On connaît peu le cinéma du Bangladesh, petit pays écrasé par son imposant voisin, l’Inde — avec qui il entretient des rapports historiques très forts depuis son indépendance en 1971 et l’afflux de réfugiés bangladeshis dans l’État indien du Bengale (les deux régions partagent en effet une langue et une culture communes). Plus souvent dans l’actualité pour sa pauvreté endémique et les conditions misérables dans lesquelles les multinationales étrangères y emploient les ouvriers, le Bangladesh possède néanmoins une industrie cinématographique relativement importante, partagée, comme en Inde, entre films commerciaux et musicaux sans grand intérêt et cinéma artistique plus pointu, telle cette œuvre réalisée par la jeune cinéaste Rubaiyat Hossain. Une très belle découverte.
Scènes de la vie conjugale
Roya s’ennuie. Elle a pourtant la vie rêvée pour beaucoup de Bangladeshis : elle a fait un mariage d’amour avec un homme riche, poursuit une carrière d’actrice dans une production adaptée du grand écrivain bengali Rabindranath Tagore et a réussi à échapper à l’éducation très conservatrice de sa mère musulmane. Comme lui dit sa domestique, dont elle a pris l’éducation à sa charge, « tu as de la chance parce que ton mari ne te bat pas ». Cela devrait lui suffire, mais Roya n’est pas satisfaite. La preuve : on lui verra à peine esquisser un sourire tout au long du film.

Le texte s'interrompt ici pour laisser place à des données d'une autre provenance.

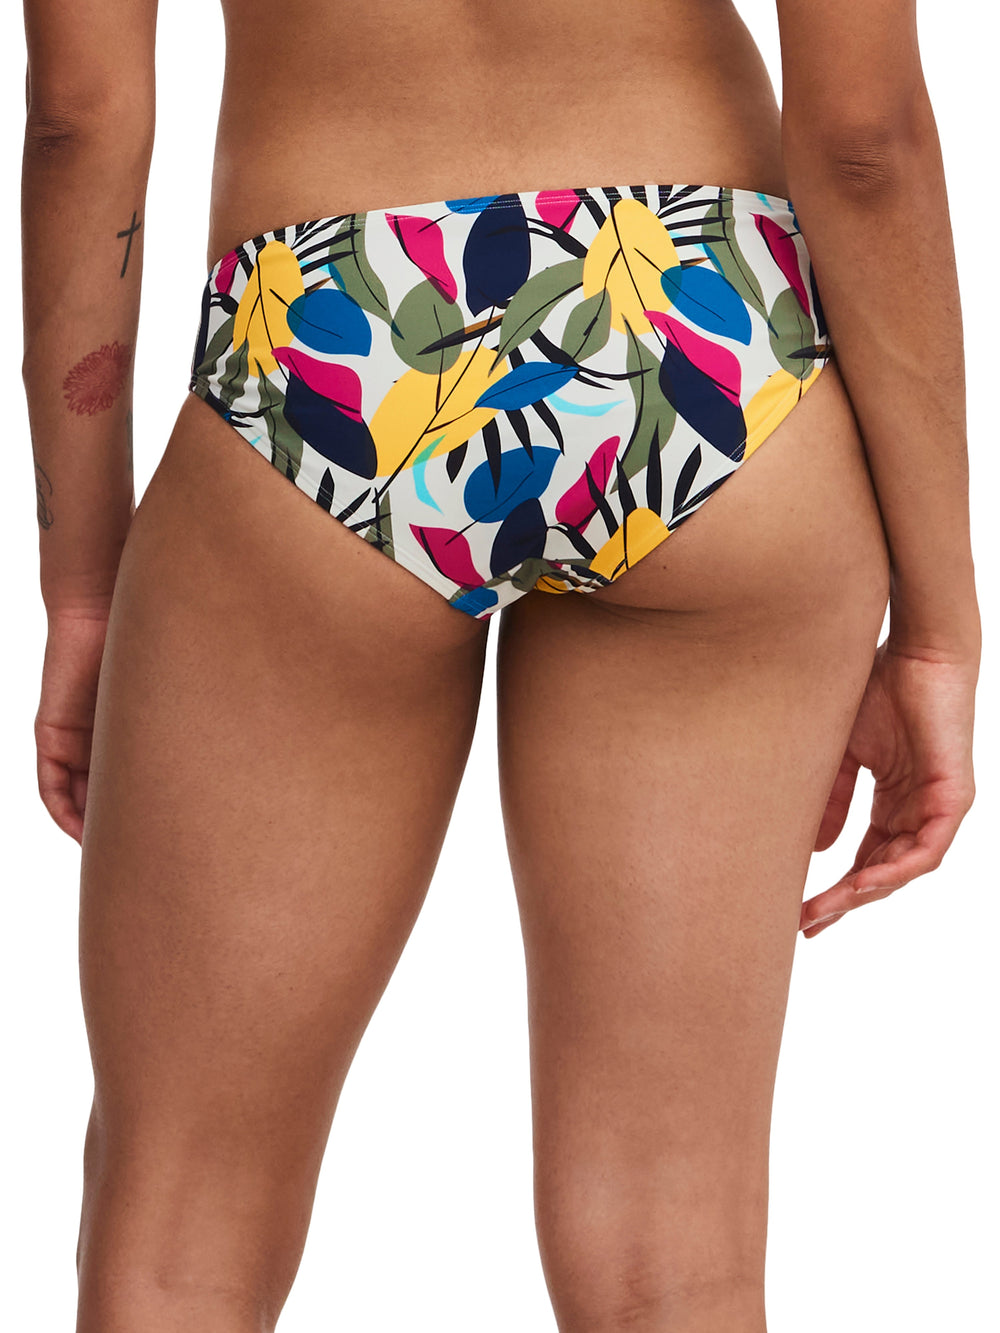 Femilet Bademode - Honduras Bikini-Slip Mehrfarbiger Blätter-Bikini-Slip Femilet Bademode

La force de cette héroïne (superbe Shahana Goswami, actrice indienne vue notamment dans Les Enfants de minuit de Deepa Mehta) est de n’être à aucun moment unidimensionnelle. Sa vie, bien sûr, n’est rêvée que sur le papier : son mari n’est compréhensif qu’en apparence, et les devoirs conjugaux lui pèsent (dans tous les sens du terme) une fois la nuit tombée. Sa carrière professionnelle est mise en danger par son âge : après dix ans à interpréter le même rôle, une actrice plus jeune et plus fraîche est pressentie pour la remplacer. Elle ne parvient pas non plus à contrôler la vie de sa jeune domestique, qui finit par lui échapper, séduite par un des employés de l’immeuble. Enfin, elle a encore besoin de l’approbation d’un homme, producteur de théâtre reconnu (interprété par l’acteur indien Rahul Bose), pour se lancer dans des choix professionnels audacieux et s’extirper de l’emprise de son mari qui la préférerait en femme au foyer. Mais son ambition ne peut trouver à se réaliser qu’au prix d’un égoïsme inusité, de la part d’une femme, dans l’élite conservatrice de la société bangladeshie.
Under Construction
Roya, comme le suggère le titre anglais du film, est « en construction ». Sans revendiquer un message féministe, Rubaiyat Hossain l’utilise comme un symbole de ces femmes assoiffées d’indépendance mais conscientes du certain fatalisme de leur condition — ainsi de la détresse de Roya quand elle constate que sa domestique, enceinte avant le mariage, n’a plus d’autre choix que de s’installer dans un bidonville (et semble s’en contenter). Roya a toutes les clefs en main pour prendre son envol mais le veut-elle vraiment ? La cinéaste illustre le propos par de belles séquences de rêve, où la tentation de la liberté prend ainsi l’apparence d’un énorme serpent.
La cinéaste parvient enfin — et c’est un véritable tour de force — à introduire subtilement un commentaire sur l’ensemble de la société bangladeshie en entrecoupant les scènes de la vie bourgeoise de Roya avec des plans quasi documentaires sur la condition ouvrière au Bangladesh. L’effet, qui aurait pu alourdir le film d’un propos secondaire inutile, prend tout son sens dans une très belle séquence où Roya, qui revient du bidonville où habite son ancienne domestique, se rend compte qu’elle marche au milieu d’ouvriers se rendant au travail en file indienne, comme des automates vides d’humanité. Roya y trouve l’inspiration pour reprendre le rôle principal et produire une version contemporaine de la pièce de Tagore, Les Lauriers-Roses rouges (Red Oleander), dans laquelle l’héroïne incite des esclaves à se libérer de leur condition. La boucle est bouclée.